Esto último no ha cambiado con Claudia, ni cambiará probablemente con ninguno que venga, porque cuando el poderoso agarra ventaja es bien difícil que la suelte. Por eso, entre otras cosas, se malogró la alternancia en México, porque el PAN, cuando vio en sus manos los resortes del poder, no pudo resistirse a beneficiarse de ellos y dejó las estructuras intactas. Los avances autoritarios mencionados deberían ser gran motivo de preocupación, pero me llama la atención especialmente que se refrenden y se impulsen desde la izquierda. A la derecha, esas cosas se le suponen. Pero una de las falacias más repetidas y exitosas es que, cuando un régimen de izquierdas no funciona o fracasa estrepitosamente, nos dicen en seguida que, en realidad, eso no era política de izquierdas. Se dijo hasta de la Unión Soviética. Cuando se tiene que adornar el término democracia con algún apellido (participativa, popular, orgánica, social) hay algo que debería merecer nuestra desconfianza inmediata. Es en esas ocasiones, que son demasiadas, cuando nos quieren vender un gato viejo haciéndolo pasar por una liebre fresca y recién cazada.
Orwell, si levantara la cabeza, seguiría sumido en un mar de dudas pero no dejaría de señalar las maniobras de ambas facciones de la polarización para perpetuarse a sí mismas.
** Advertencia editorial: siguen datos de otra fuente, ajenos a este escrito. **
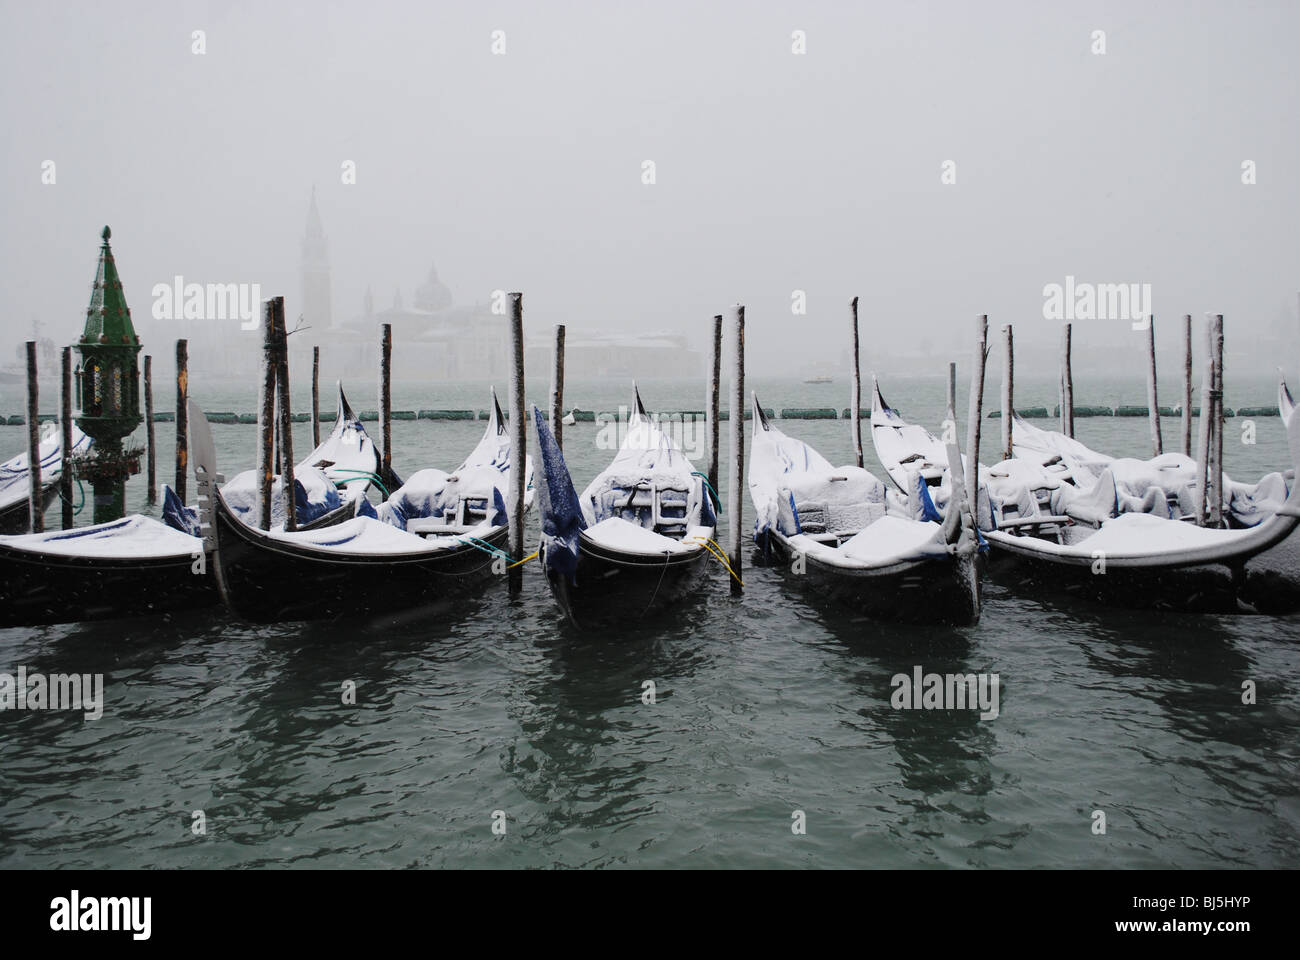 Gondole giacciono a riposo nel Canale della Giudecca sotto una coltre di neve, Piazzetta, Venezia, Italia Foto Stock

Dijo el escritor en 1944 que “es casi imposible pensar sin hablar, y si se elimina la libertad de expresión desaparecen las facultades creativas”. Cuando nos quieren limitar la palabra, en el ámbito que sea, en el sentido que sea, en la medida que sea, no nos están vendiendo democracia, sino exactamente lo contrario, por más que se excusen. Hablábamos la pasada semana del vil proxenetismo que en la política y en los medios se ejerce con las palabras. Una de las más sometidas es “fascismo”, que se ha convertido en el insulto habitual contra todo el que se atreve a discrepar. Así que, si la orwelliana “policía del pensamiento” nos pregunta qué es fascismo, habrá que contestar como en la poesía de Bécquer: ¿Y tú me lo preguntas? ¡Fascismo eres tú!